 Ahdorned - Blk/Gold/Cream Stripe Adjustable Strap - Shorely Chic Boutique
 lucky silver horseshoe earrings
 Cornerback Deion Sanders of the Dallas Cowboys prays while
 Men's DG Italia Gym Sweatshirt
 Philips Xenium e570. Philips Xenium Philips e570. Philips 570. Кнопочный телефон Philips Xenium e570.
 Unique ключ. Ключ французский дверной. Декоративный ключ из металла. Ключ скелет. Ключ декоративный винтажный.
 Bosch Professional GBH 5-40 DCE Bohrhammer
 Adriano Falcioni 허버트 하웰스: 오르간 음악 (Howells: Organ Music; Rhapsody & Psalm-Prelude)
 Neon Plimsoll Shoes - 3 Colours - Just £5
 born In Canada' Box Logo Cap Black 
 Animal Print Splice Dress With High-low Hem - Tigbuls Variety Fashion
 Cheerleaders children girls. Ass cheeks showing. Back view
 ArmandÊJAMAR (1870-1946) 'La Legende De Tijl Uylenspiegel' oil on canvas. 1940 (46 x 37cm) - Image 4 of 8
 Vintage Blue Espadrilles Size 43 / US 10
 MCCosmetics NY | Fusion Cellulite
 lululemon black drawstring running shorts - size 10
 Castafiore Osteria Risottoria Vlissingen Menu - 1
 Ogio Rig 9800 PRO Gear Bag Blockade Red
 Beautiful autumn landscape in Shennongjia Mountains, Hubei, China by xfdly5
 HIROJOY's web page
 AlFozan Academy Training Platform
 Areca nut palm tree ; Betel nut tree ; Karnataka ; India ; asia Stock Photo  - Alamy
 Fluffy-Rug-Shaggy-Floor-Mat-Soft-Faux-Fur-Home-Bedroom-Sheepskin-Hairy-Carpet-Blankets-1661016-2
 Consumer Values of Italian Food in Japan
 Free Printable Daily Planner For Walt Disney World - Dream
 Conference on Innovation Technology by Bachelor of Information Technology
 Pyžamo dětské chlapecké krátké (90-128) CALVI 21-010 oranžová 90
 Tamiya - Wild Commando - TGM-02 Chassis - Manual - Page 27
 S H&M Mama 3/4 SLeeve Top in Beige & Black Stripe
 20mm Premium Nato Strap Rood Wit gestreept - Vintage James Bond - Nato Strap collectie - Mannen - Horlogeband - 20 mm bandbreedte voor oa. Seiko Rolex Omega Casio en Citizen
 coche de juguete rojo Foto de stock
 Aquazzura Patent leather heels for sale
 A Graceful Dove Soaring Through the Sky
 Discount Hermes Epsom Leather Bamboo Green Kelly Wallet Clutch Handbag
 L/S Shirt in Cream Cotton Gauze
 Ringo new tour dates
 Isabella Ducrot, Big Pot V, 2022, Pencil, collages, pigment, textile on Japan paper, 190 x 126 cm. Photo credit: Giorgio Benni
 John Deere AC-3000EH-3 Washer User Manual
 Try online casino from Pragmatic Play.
*-*-*
Every line from the top of the material through the line containing "Ogio Rig 9800 PRO Gear Bag Blockade Red" must be transcribed exactly, and no other line may appear.

**RESPONSE TO THIS TASK**
 Ahdorned - Blk/Gold/Cream Stripe Adjustable Strap - Shorely Chic Boutique
 lucky silver horseshoe earrings
 Cornerback Deion Sanders of the Dallas Cowboys prays while
 Men's DG Italia Gym Sweatshirt
 Philips Xenium e570. Philips Xenium Philips e570. Philips 570. Кнопочный телефон Philips Xenium e570.
 Unique ключ. Ключ французский дверной. Декоративный ключ из металла. Ключ скелет. Ключ декоративный винтажный.
 Bosch Professional GBH 5-40 DCE Bohrhammer
 Adriano Falcioni 허버트 하웰스: 오르간 음악 (Howells: Organ Music; Rhapsody & Psalm-Prelude)
 Neon Plimsoll Shoes - 3 Colours - Just £5
 born In Canada' Box Logo Cap Black 
 Animal Print Splice Dress With High-low Hem - Tigbuls Variety Fashion
 Cheerleaders children girls. Ass cheeks showing. Back view
 ArmandÊJAMAR (1870-1946) 'La Legende De Tijl Uylenspiegel' oil on canvas. 1940 (46 x 37cm) - Image 4 of 8
 Vintage Blue Espadrilles Size 43 / US 10
 MCCosmetics NY | Fusion Cellulite
 lululemon black drawstring running shorts - size 10
 Castafiore Osteria Risottoria Vlissingen Menu - 1
 Ogio Rig 9800 PRO Gear Bag Blockade Red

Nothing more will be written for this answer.